Here's one thing I noticed... there's lots of bashing about Boonen and the big "S" pushing dice and using them, etc, but I've seen both Cannondale and Katusha using pics as well. There doesn't seem to be same ire from people about those brands pushing the conspiracy.


----------



## aclinjury (Sep 12, 2011)

TricrossRich said:


> Here's one thing I noticed... there's lots of bashing about Boonen and the big "S" pushing dice and using them, etc, but I've seen both Cannondale and Katusha using pics as well. There doesn't seem to be same ire from people about those brands pushing the conspiracy.


Merida also has at least a rider using disc as well. The difference between Merida, Katusha, Cdale vs. Boonen & Specialized is....

- the other 3 don't go around touting and tooting their horns, using a high profile rider in the act

- as the result, the pro-disc jockers in RBR didn't use the other 3 as a prime example but instead uses the Boonen & Specialized

Yeah, high profile works both ways.

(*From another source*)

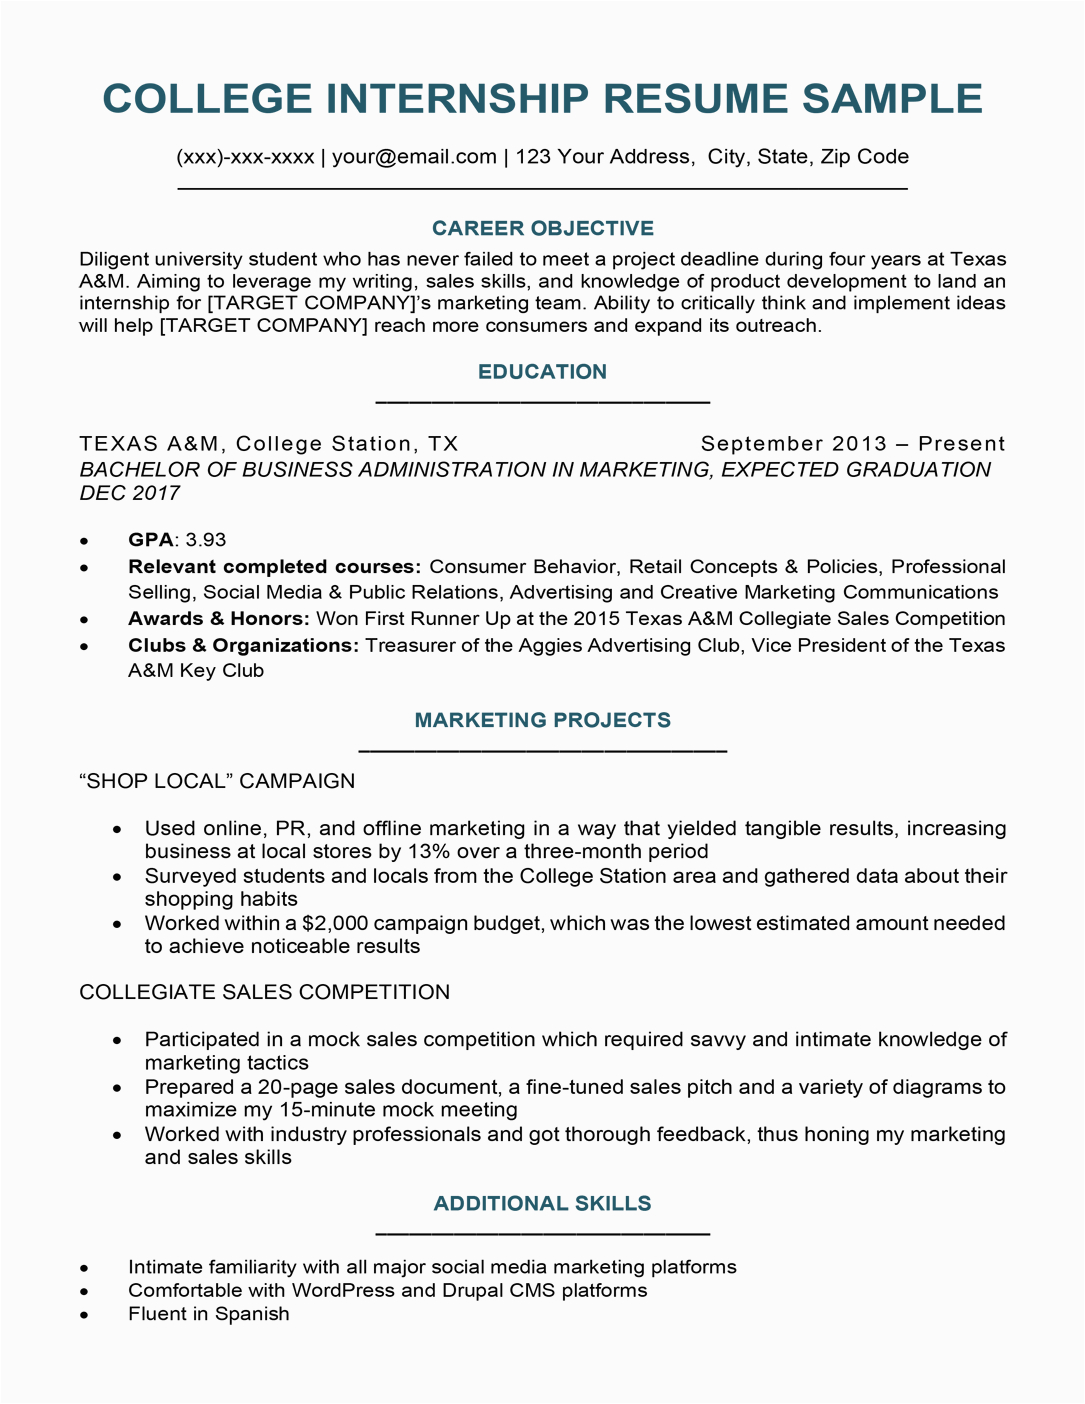 Sample Resume Objective Statements for College Students College Student Resume Sample & Writing Tips

When it works, you're a glowing example and of course the pro-disc guys would be ALL OVER this thread with their myraids of opinions of "see I told you so", ain't it? Instead, we get crickets. It's not hard.

pretty damn sure guys like Swifsolo and Mopho are jusst waiting for a disc win to pounce all over a thread such as this one, eh. When you make bold prediction of how disc will present a superior advantage, so much so that it will alter race results, and then such results don't material, well then it's only fair that that you get a beating eh

i don't know, don't care for disc, i guess i'm a "luddite", blah blah. But how about how me the money? Having said that, I think disc will eventually take over simply because the force from the manufacturers are strong and persistent, it'll only grow stronger. In due time, the current riding population who are familiar with rim brakes will "turn over" and the newer riders will grow up with disc from the get-go. There is no turning back the clock on disc as far as the manufacturers are thinking, they're just buying their time. No going back for them. Only a matter of time before disc will be on all high end bikes. I only hope that they will still be making rim brakes by then, because I want my bikes on rim brakes. That's that.


----------



## MMsRepBike (Apr 1, 2014)

TricrossRich said:


> Here's one thing I noticed... there's lots of bashing about Boonen and the big "S" pushing dice and using them, etc, but I've seen both Cannondale and Katusha using pics as well. There doesn't seem to be same ire from people about those brands pushing the conspiracy.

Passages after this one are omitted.